Oman J Ophthalmol. 2023 Jun 27;16(2):366-369. doi: 10.4103/ojo.ojo_129_22. eCollection 2023 May-Aug.

Abstract

This is the first reported case who had bilateral reversible hearing loss after regional anesthesia (RA) without a procedural sedoanalgesia. Furthermore, 20% lipid emulsion infusion (LEI) was first used in the treatment of a patient with hearing loss as an indicator of impending brainstem anesthesia. The ophthalmologist had performed a retrobulbar block without any difficulties to a 55-year-old the patient who undergone pars plana vitrectomy. A combination of lidocaine and bupivacaine was injected slowly through a 23G, 1.5-inch needle.
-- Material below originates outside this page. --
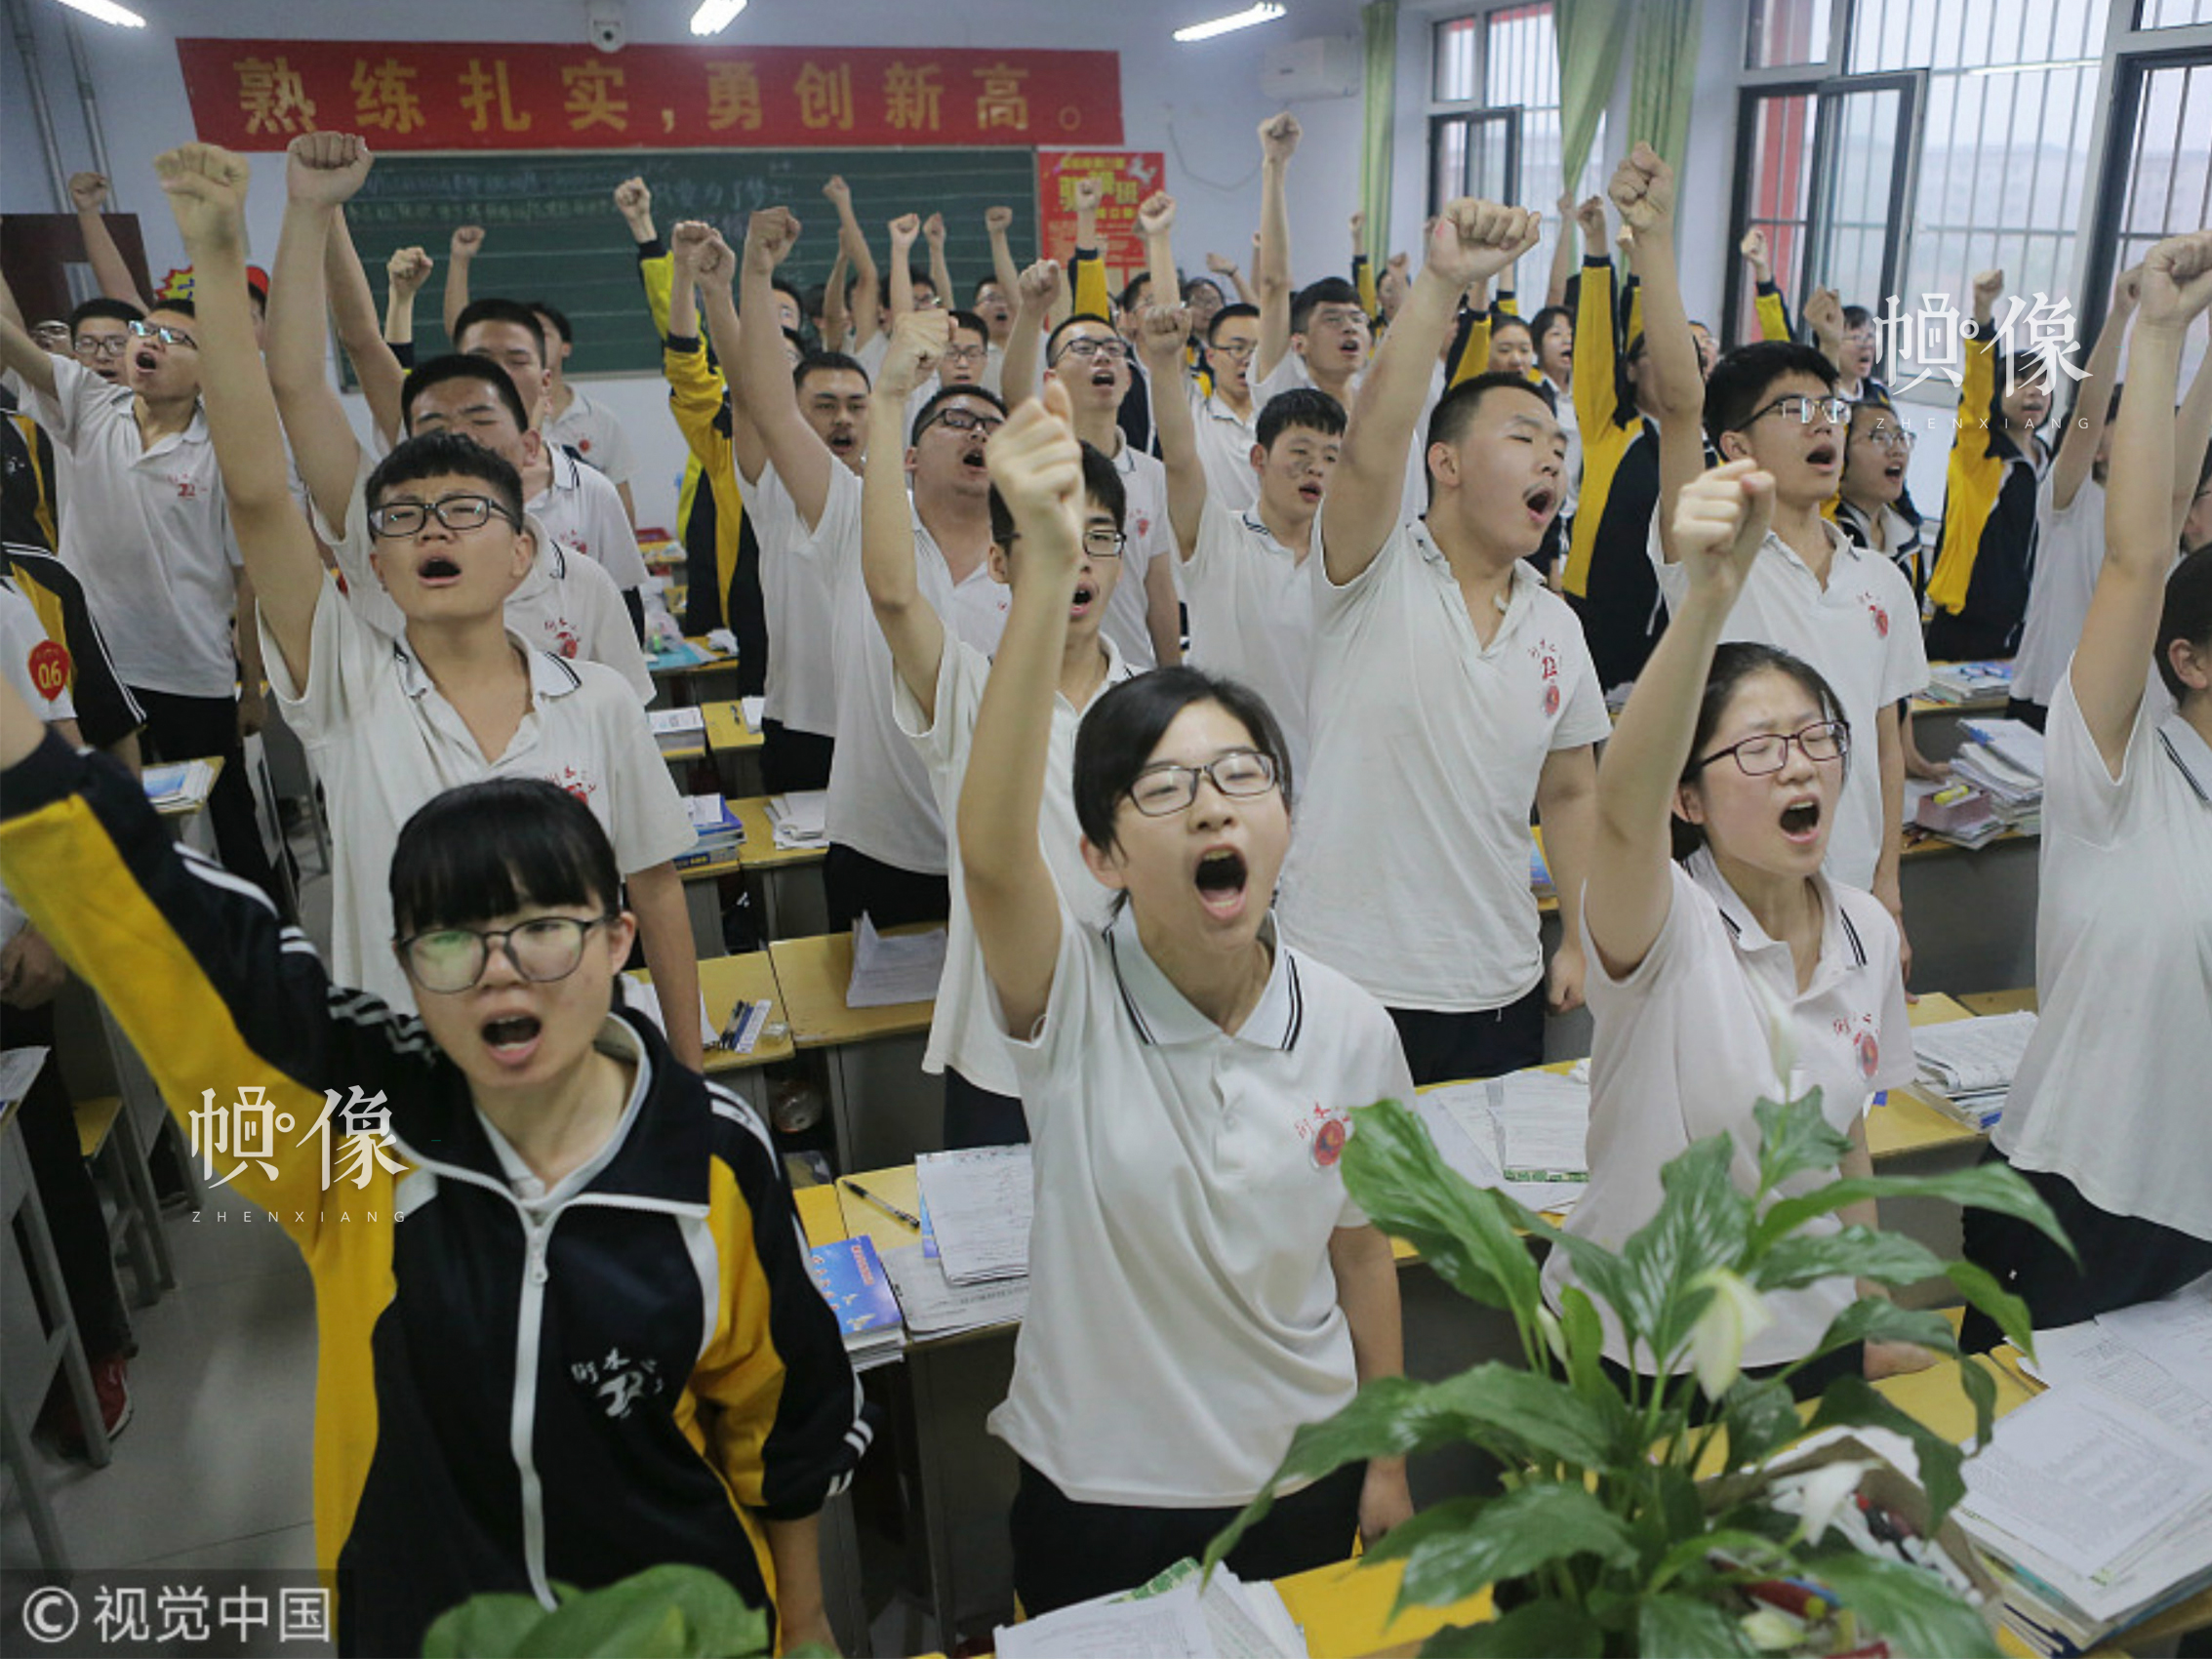 2018年05月06日，河北衡水二中的高三学生在进行课前宣誓，这是这所学校所有年级每个班每天都会进行的功课，这种方式既可以宣泄压力，又可以振奋精神。图片来源：视觉中国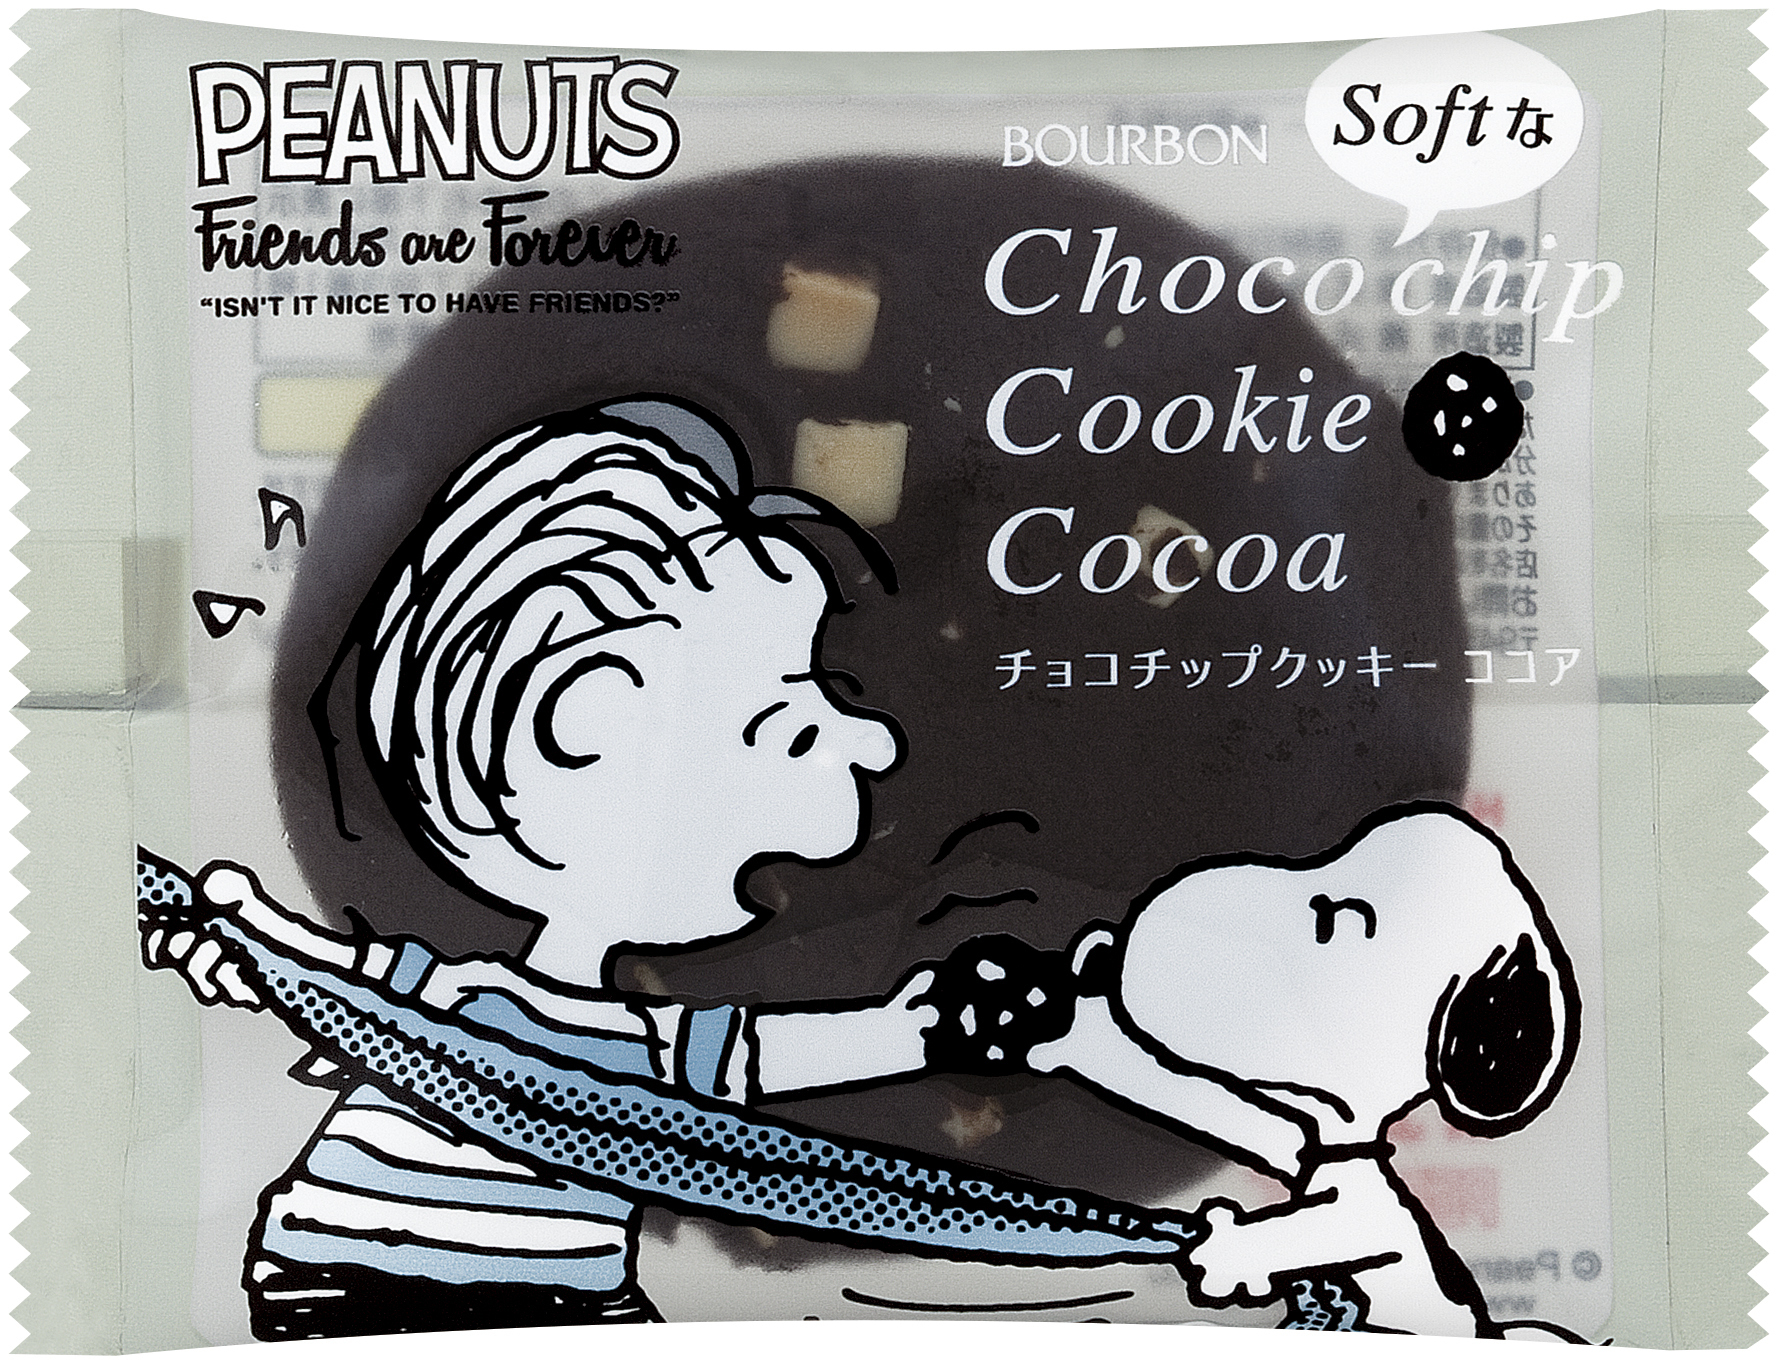 ブルボン スヌーピーデザインのチョコチップクッキー2品がソフトタイプクッキーで11月21日 火 に新登場 株式会社ブルボンのプレスリリース

Few minutes later, the patient experienced sudden bilateral hearing loss and, subsequently, mental confusion and mild respiratory distress. Local anesthetic toxicity to the predominantly brainstem was the diagnosis. Consequently, 20% LEI was administered, and his hearing loss gradually improved within a few hours. Prompt intervention is crucial in case of severe systemic complications of RA. LEI might be beneficial to halt the deepening of brainstem toxicity.

摘要

这是首例报道的在未进行程序性镇静镇痛的区域麻醉(RA)后出现双侧可逆性听力丧失的病例。此外,20%脂质乳剂输注(LEI)首次被用于治疗一名听力丧失患者,作为即将发生脑干麻醉的指标。眼科医生对一名55岁接受玻璃体切除术的患者进行球后阻滞,未遇到任何困难。通过一根23G、1.5英寸的针头缓慢注射利多卡因和布比卡因的混合液。几分钟后,患者突然出现双侧听力丧失,随后出现精神错乱和轻度呼吸窘迫。诊断为主要对脑干的局部麻醉药毒性反应。因此,给予20% LEI,其听力丧失在数小时内逐渐改善。对于RA的严重全身并发症,及时干预至关重要。LEI可能有助于阻止脑干毒性的加深。